(Dataset extract):
--------------------

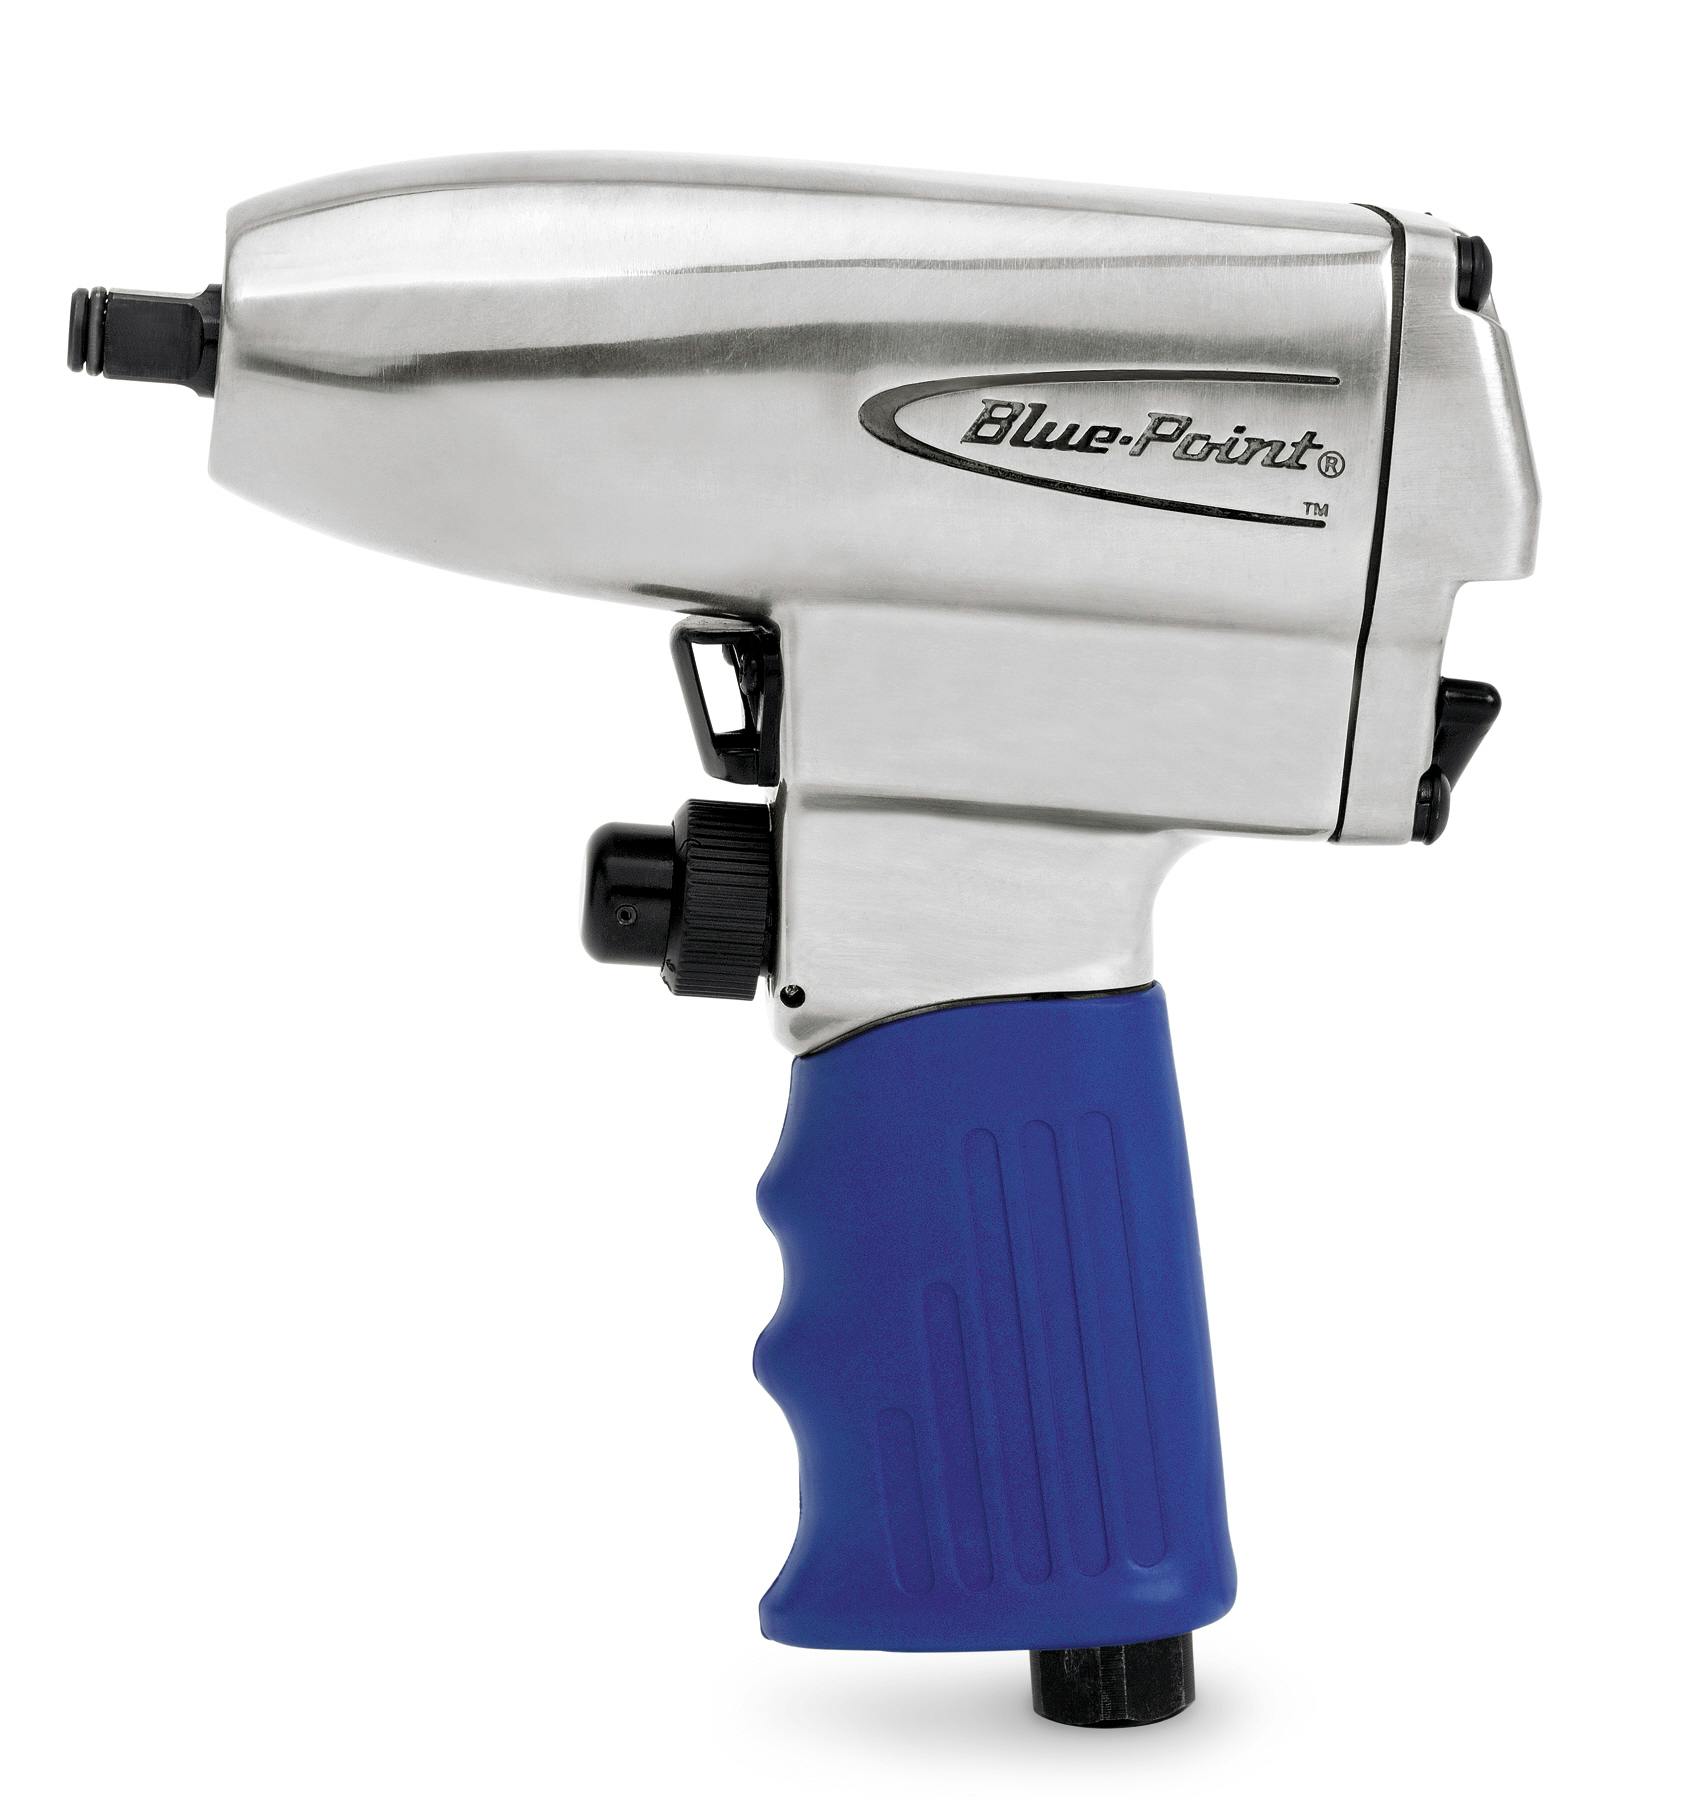 Blue point AT5500 1/2" Drive Air Impact Wrench Gun Protective Boot 
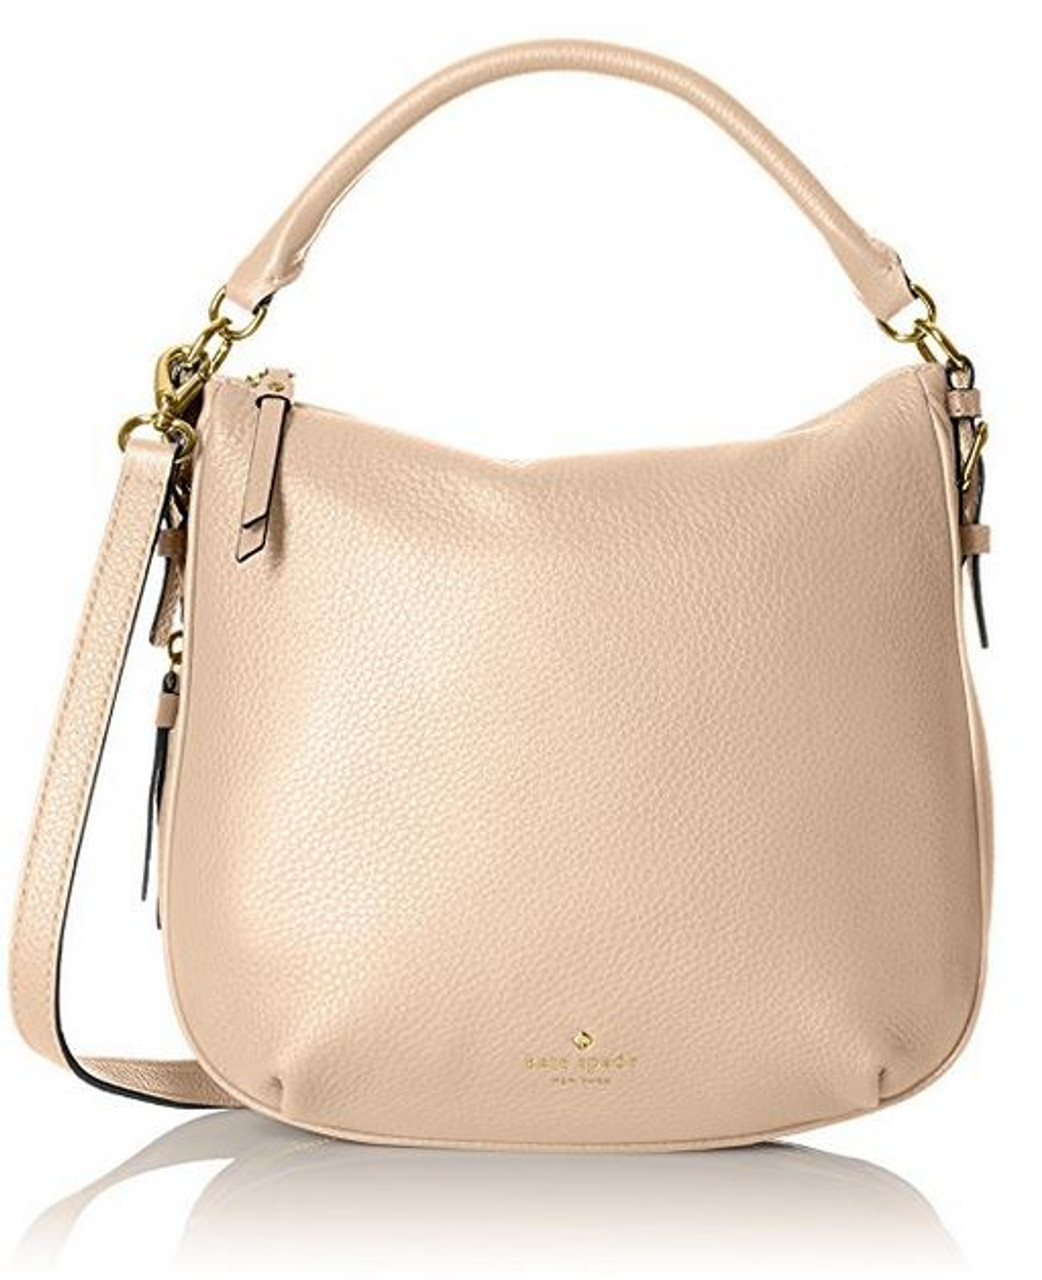 Kate Spade New York Black Leather Cobble Hill Small Ella Crossbody Bag, Best Price and Reviews
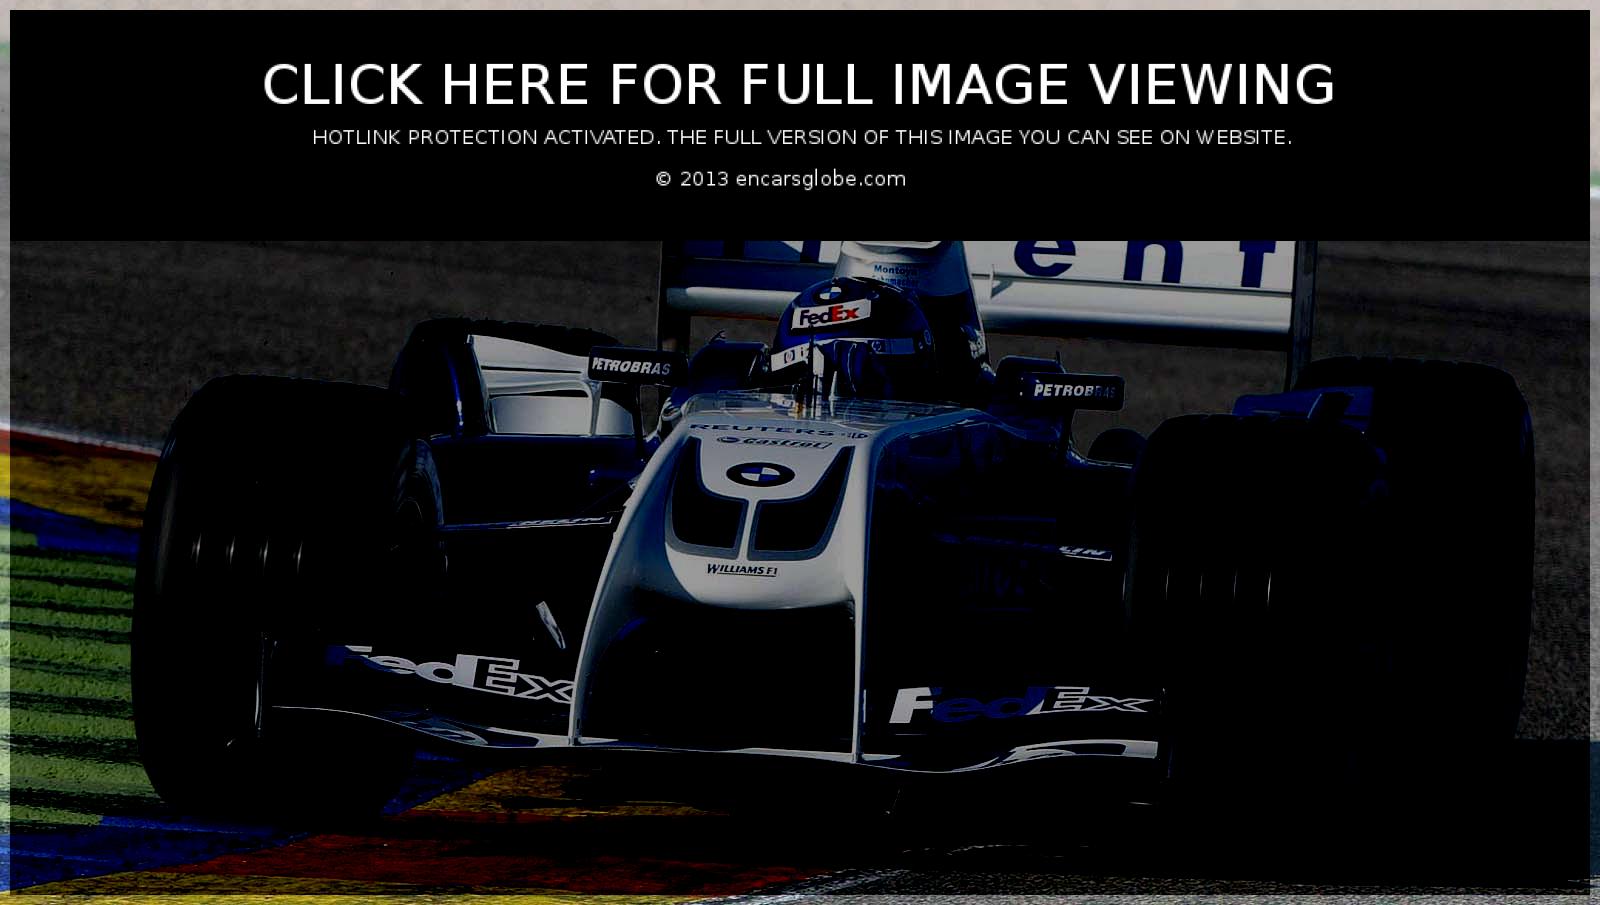 Williams FW26 Photo Gallery: Photo #08 out of 11, Image Size - 600 ...
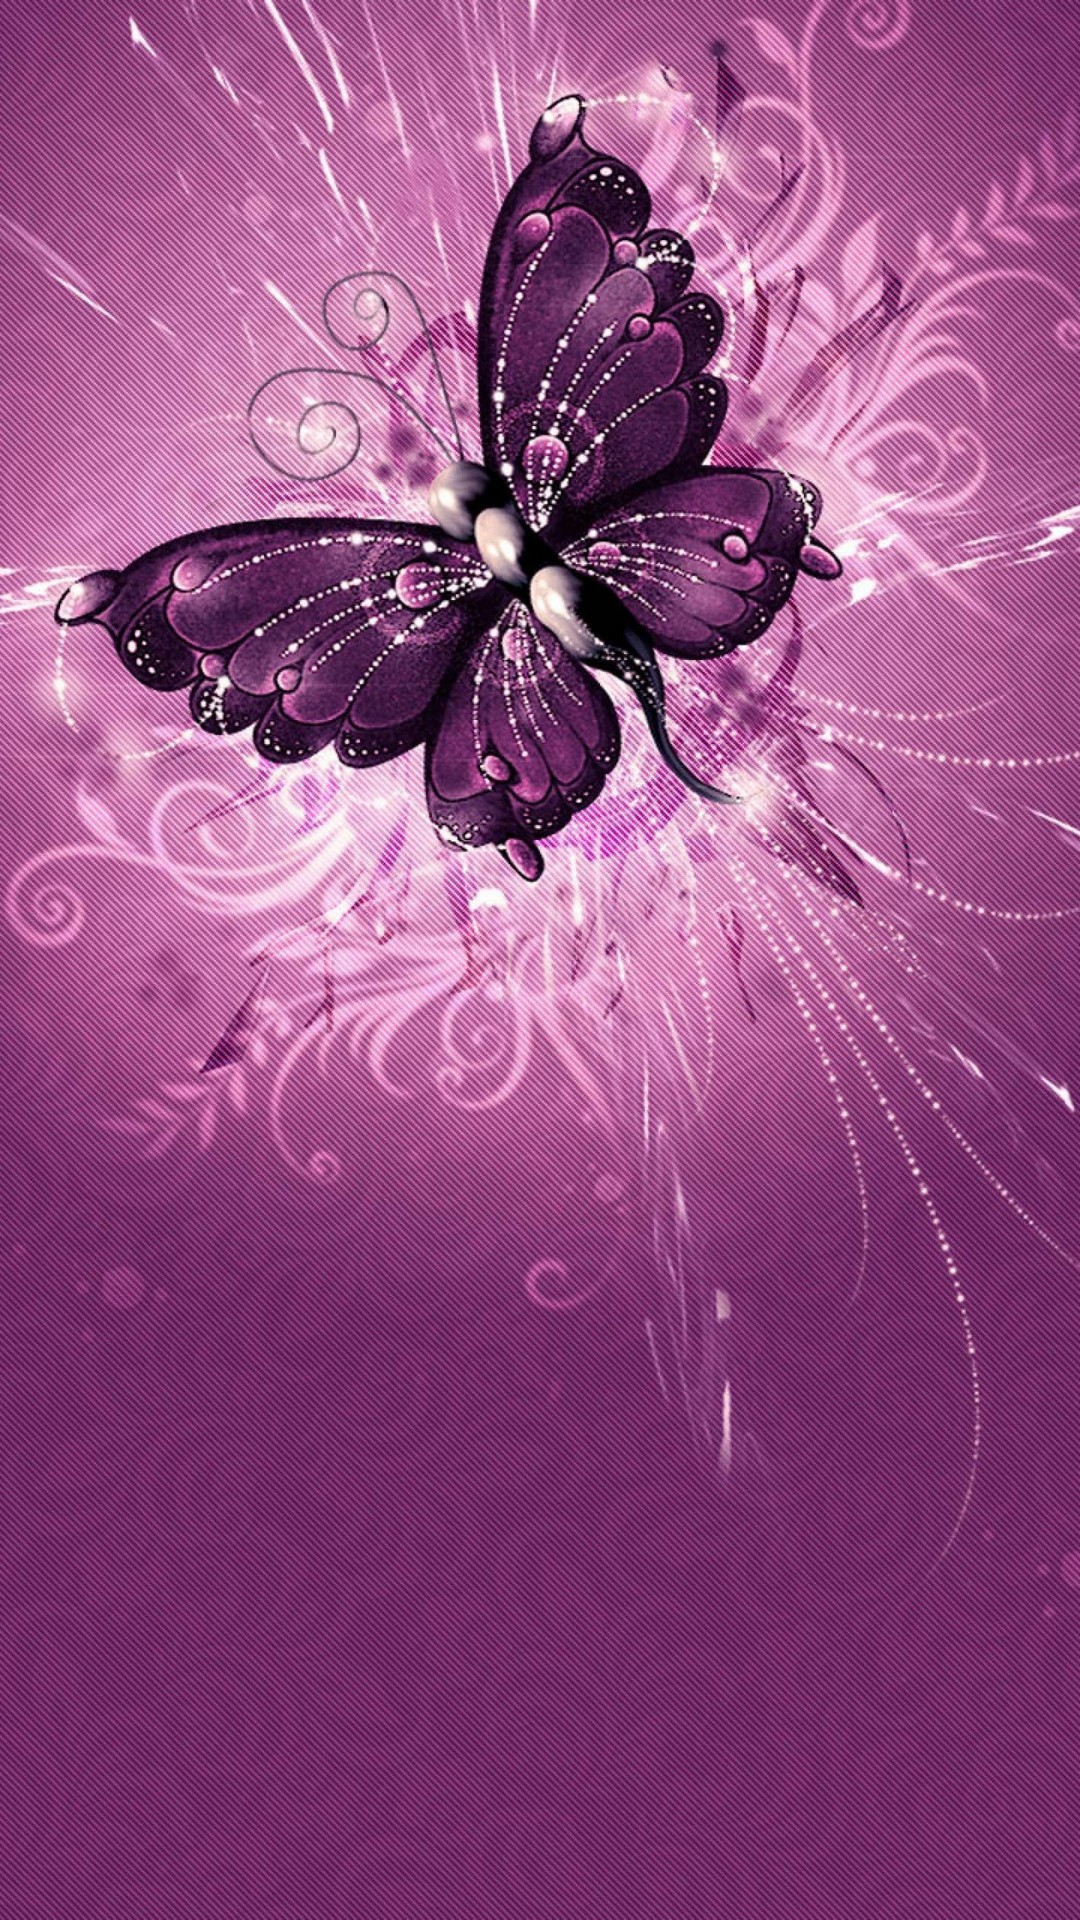 Purple Butterfly Wallpaper For Mobile Android | 2020 Cute ...

--------------------

(Assignment):
Repeat the line that contains "Kate Spade New" and each line after it, through the last line of the listing, exactly and alone; pictures stay out of the repeat.

(Answer section):
 Kate Spade New York Black Leather Cobble Hill Small Ella Crossbody Bag, Best Price and Reviews
 Williams FW26 Photo Gallery: Photo #08 out of 11, Image Size - 600 ...
 Purple Butterfly Wallpaper For Mobile Android | 2020 Cute ...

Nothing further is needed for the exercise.